Whether at the drafting stage, reviewing a document before signing it or facing courtroom litigation regarding a breach, the strength of a contract is crucial. Many businesses understand that a contract forms the backbone of any vendor relationship, employee agreement or restrictive covenant. Unfortunately, they often fall into traps that can damage the effectiveness of the document.
While every business agreement is unique, there are numerous issues that seem to be common across organizations. When drafting a contract, it is wise to avoid certain mistakes, including:
- Vague language: As a general notion, vague language can run the range from ill-defined deadlines and the consequences for breach of contract. If the business fails to properly describe factors such as due dates, the scope of the agreement and the provisions both parties must follow, it might be a challenge to hold the other party accountable through the legal process.
- Good faith: Many organizations rely on the general notion of good faith when describing contract terms.
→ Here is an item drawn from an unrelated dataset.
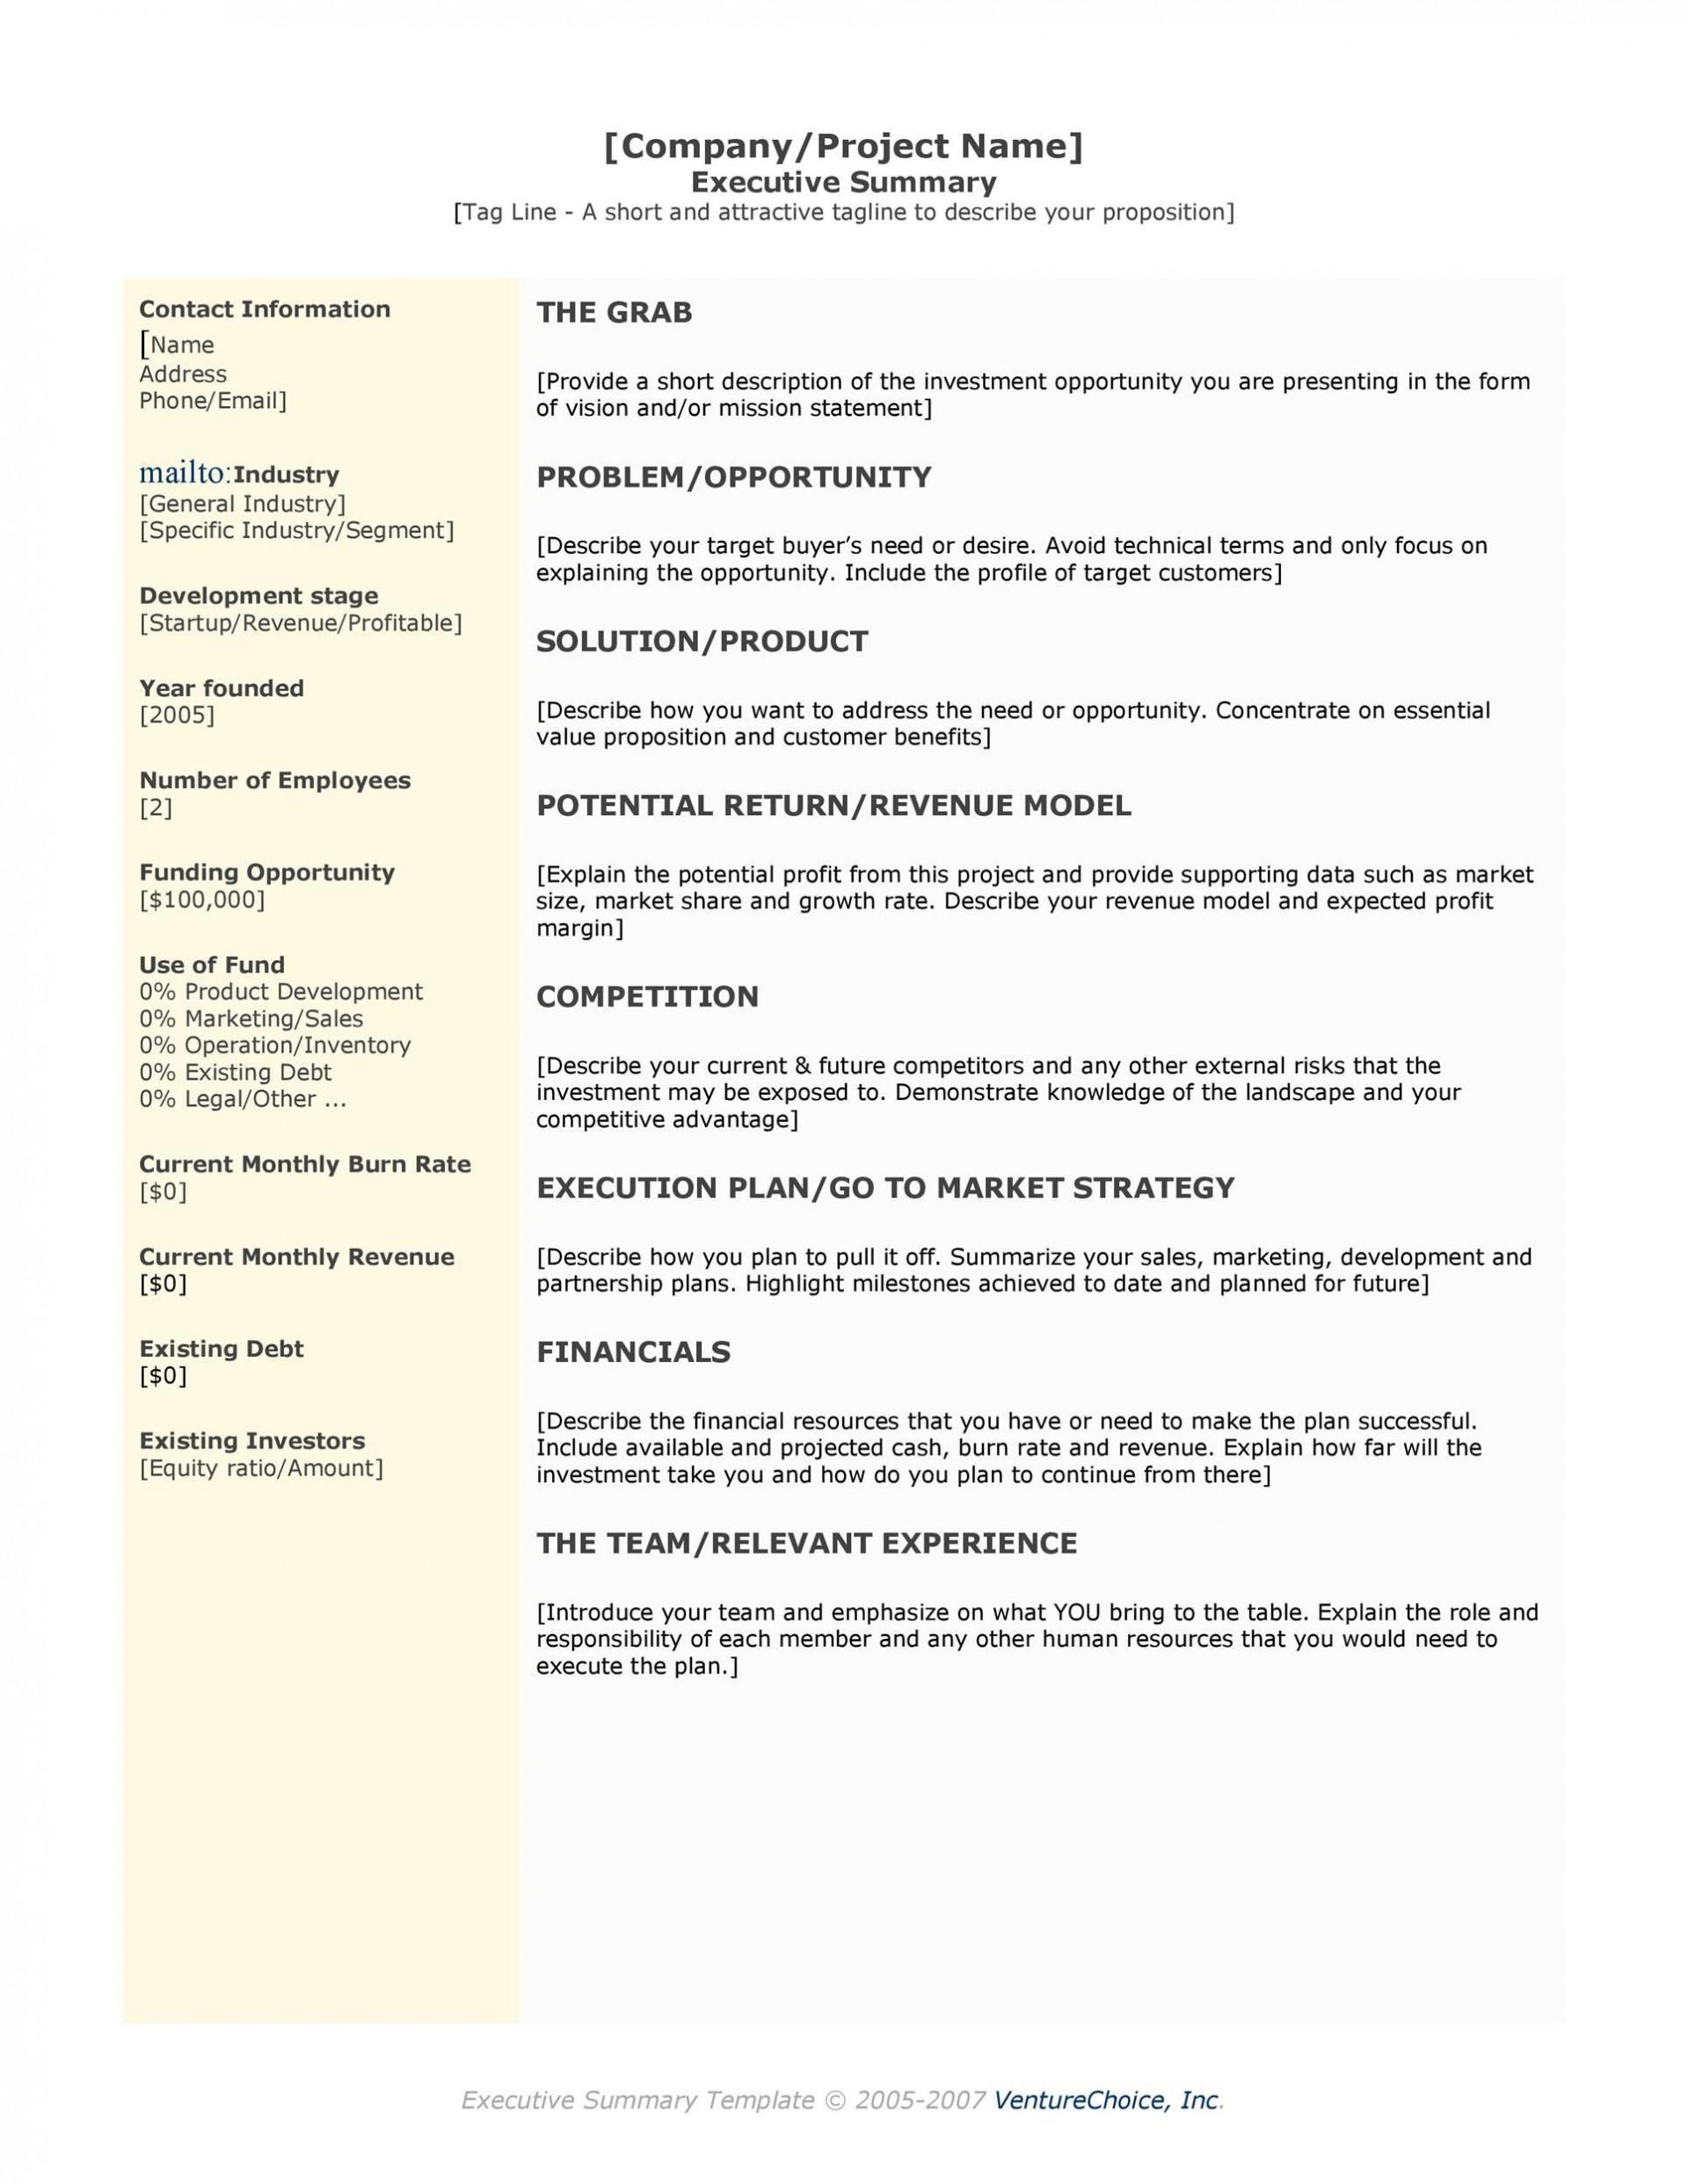 003 Stunning Executive Summary Template Doc Design  Document Example Google1920
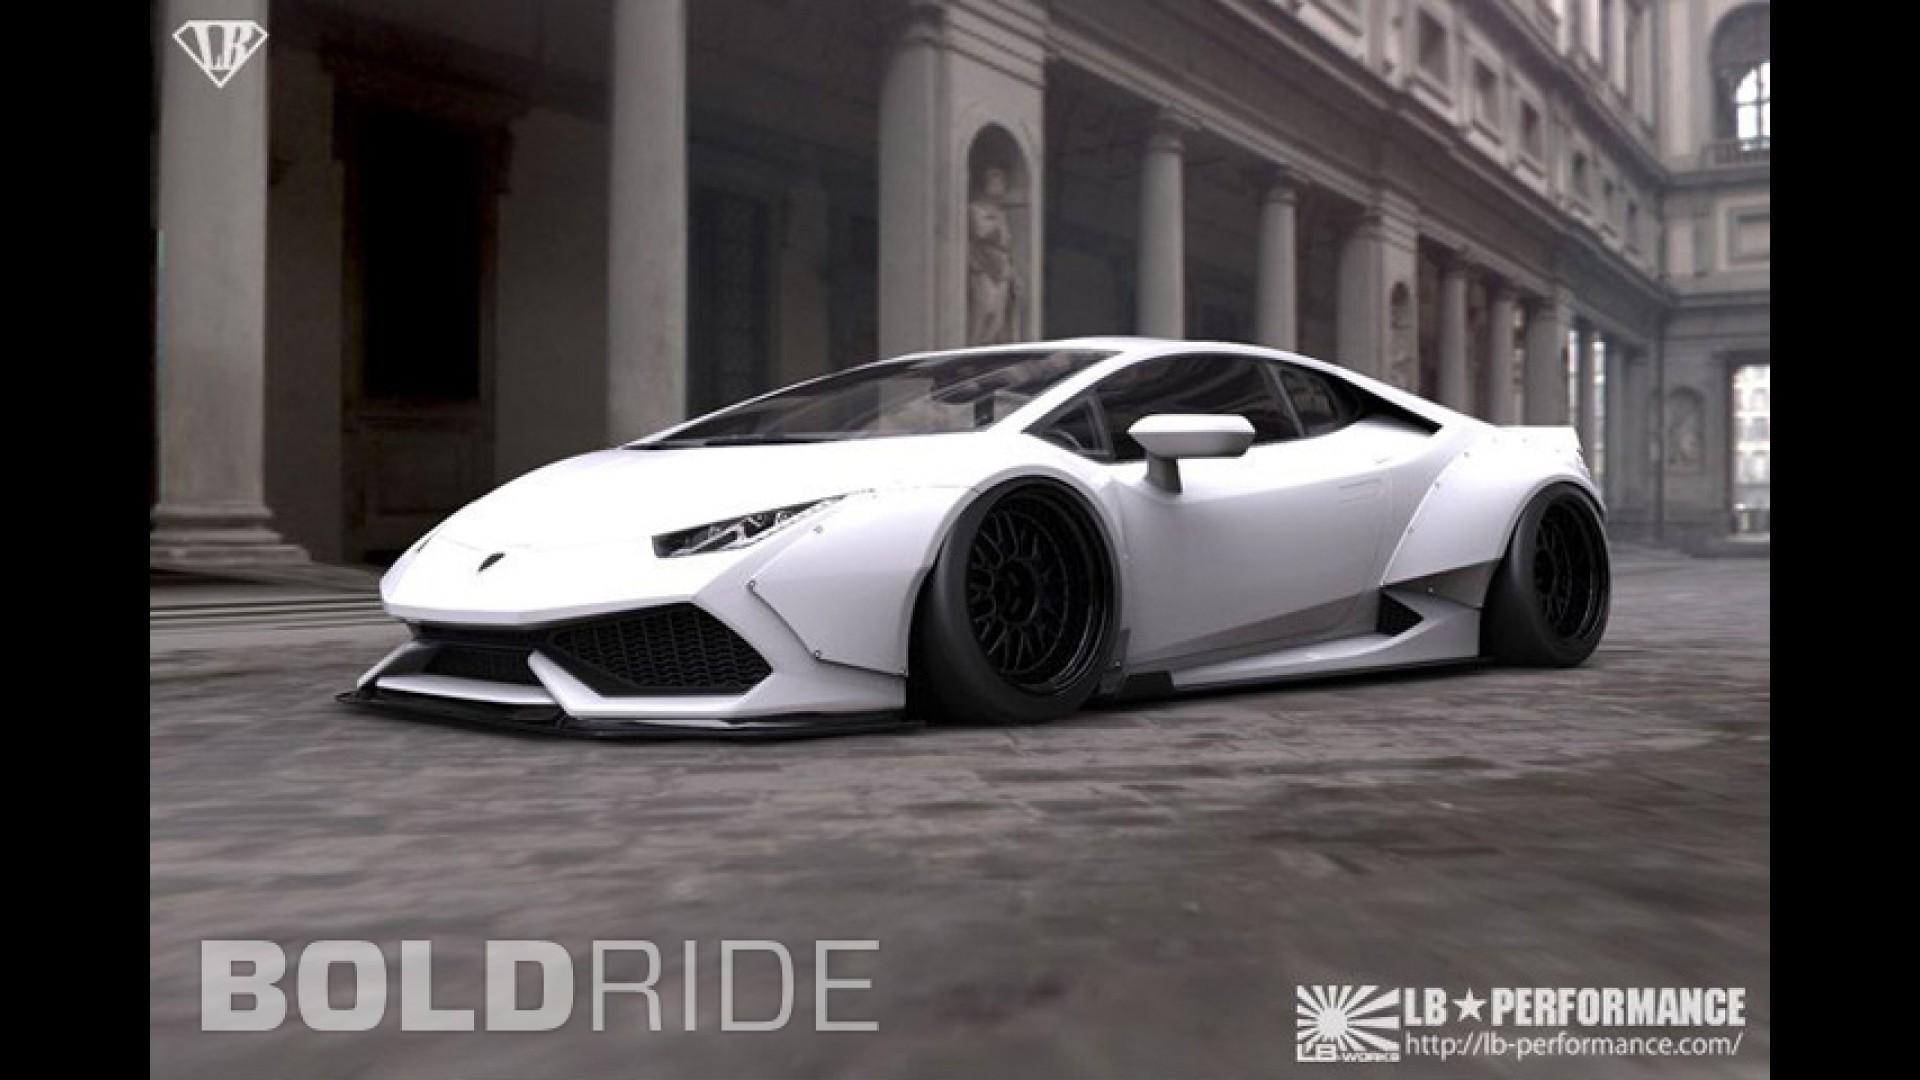 Lamborghini Aventador Cars Wallpapers Liberty Walk Wallpapers 84 Images

Unfortunately, good faith is often a subjective measure that introduces a great deal of gray area into the legal agreement. While a guiding principle, good faith fails as a contract term.
- Industry jargon and acronyms: Either from their vendor relationship or duration in business, many organizations use a sort of contract shorthand when drafting agreements. Using industry jargon or undefined acronyms might seem to save time in explaining each provision, it often adds area for potential legal disputes down the line.
When facing litigation, the business must worry about the contract and its enforceability. While certain language errors might be intentional, some organizations might feel that a well-targeted gray area could help them in court – creating a specific place they can center their arguments. It is better, however, to have a strong, well-written document that is valid, enforceable and contains clear language regarding the penalties for breaking the terms of the agreement.